Fox Does First Primetime Upfront Ad Deals

Network quietly completed deal with at least one major media agency late last week at high single-digit CPM increases

Fox has quietly done the first deals for the broadcast primetime upfront selling season, individuals familiar with the negotiations told TheWrap.

A deal was done with at least one media agency, said to be Zenith, at cost-per-thousand (CPM) increases averaging in the high-single digits.

It included not only primetime inventory for the 2010-2011 season, but also some Sunday afternoon National Football League game commercial time.

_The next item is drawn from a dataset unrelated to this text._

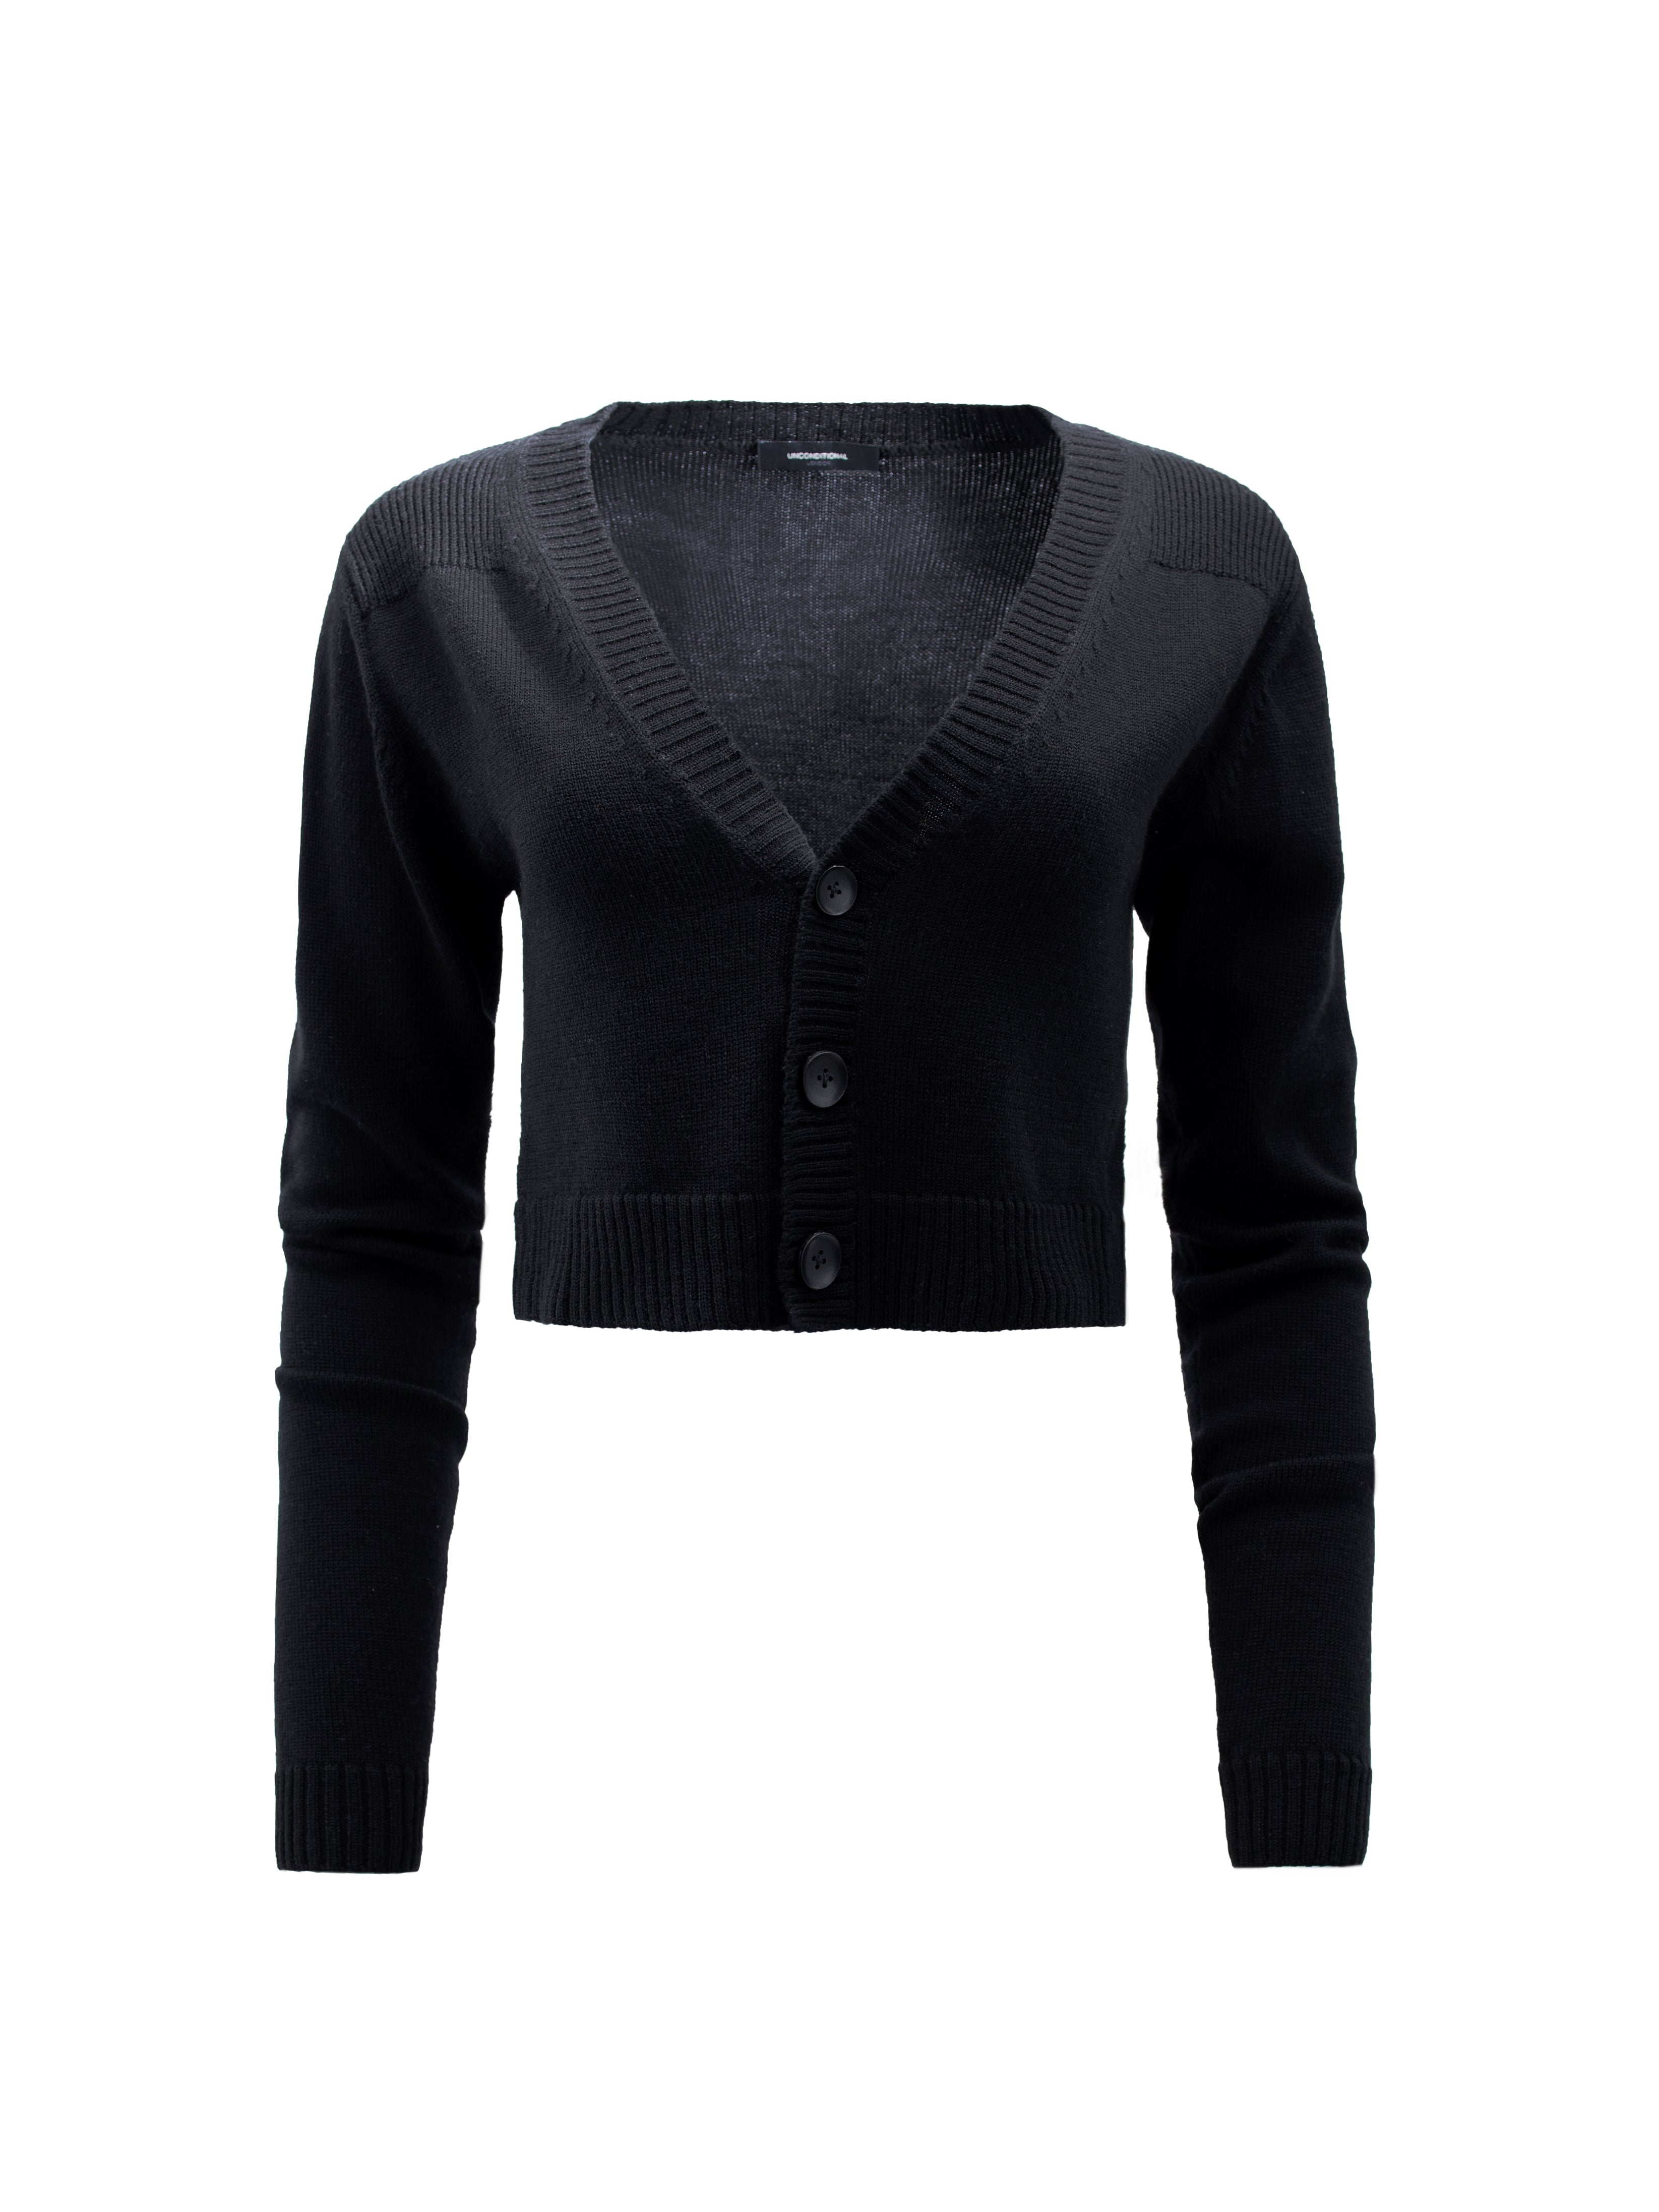 BLACK CROPPED BUTTON UP  WOOL CARDIGAN

Intense negotiations also are taking place on the cable TV side, with NBC Universal and Discovery being mentioned by individuals close to negotiations as having conversations with media agencies that lasted late into Friday.

Deals during the week following the upfront presentations (held May 17-20) is a major departure from last year, when many advertisers had not even registered their budgets with the networks until several weeks later.

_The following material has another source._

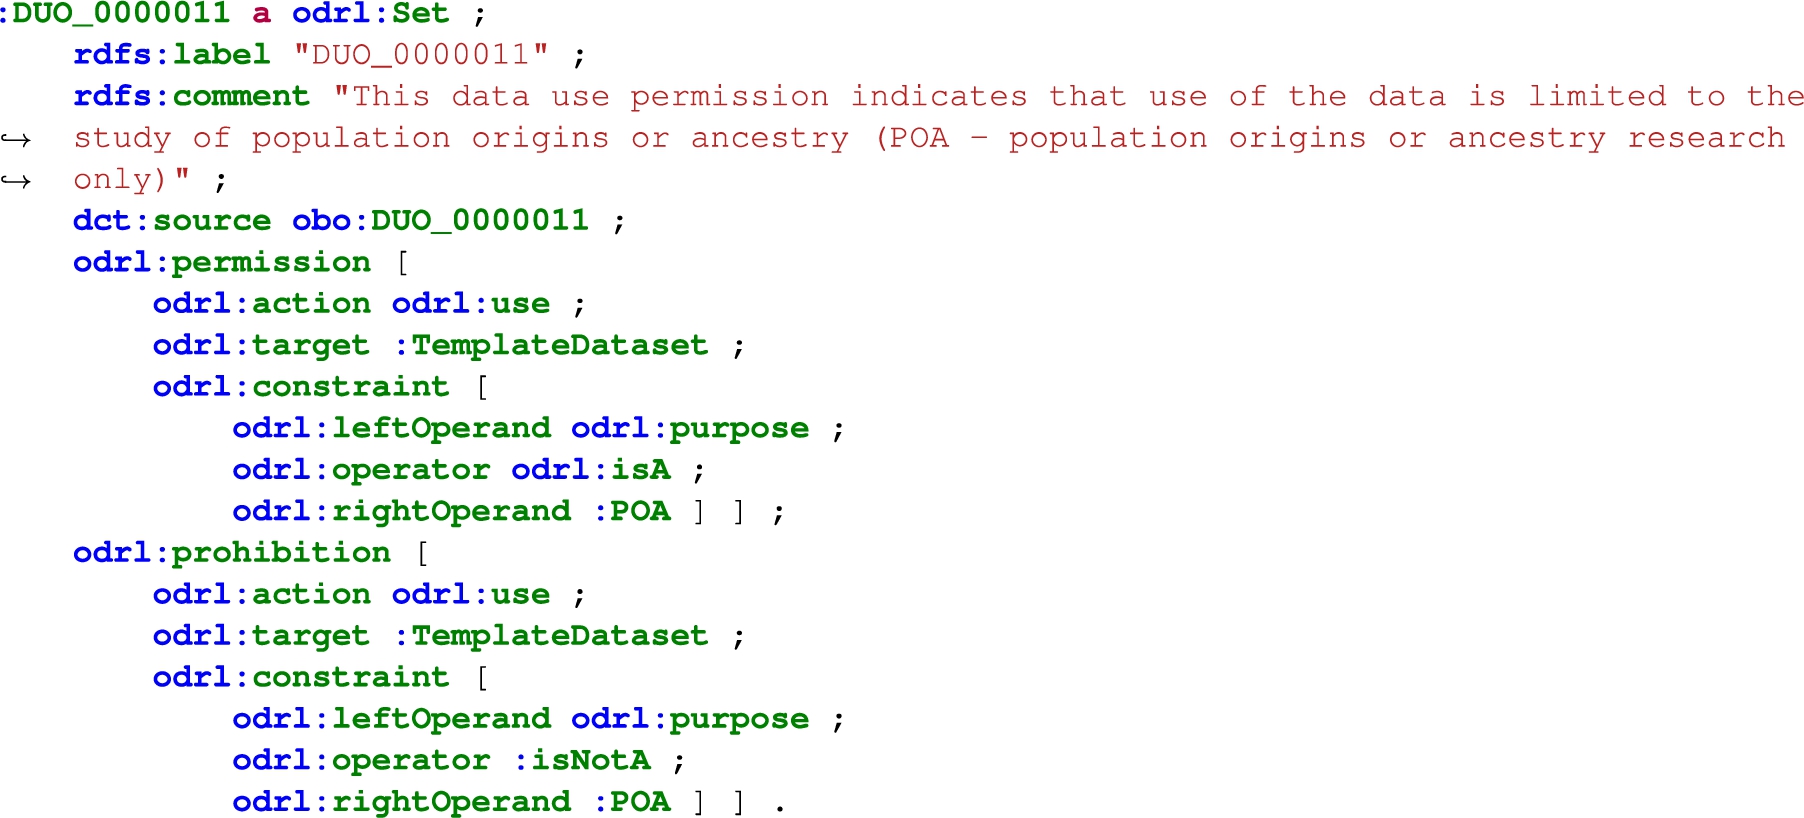 An odrl:Set representing DUO_0000011 regarding Population Origins or Ancestry research (POA). The permission and prohibition over the same purpose is based on interpretation of the phrase “is limited to” to indicate use if permitted only for that research

The first deal last year was not done until well into June.

Last year, NBCU made the first deals in the upfront with media agency conglomerate Group M at hefty price decreases from the previous year, while Fox was content to sit back to see how the market would play out.

But this year, sensing a strong market, and coming off its sixth consecutive season of winning the ratings race among the 18- to 49-year-olds that advertisers covet, Fox has started out more aggressively in its upfront sales approach.

What’s helping is a sense by media agencies that the marketplace is strong, and demand is going to be high. So this year, there will be more willingness to pay higher prices rather than take hard-line positions. It seems while the media agencies were in the driver’s seat last year, the situation is reversed this year.

"I’m thinking this is going to be a busy week for all the broadcast networks," one network-side individual told The Wrap. "The market is live."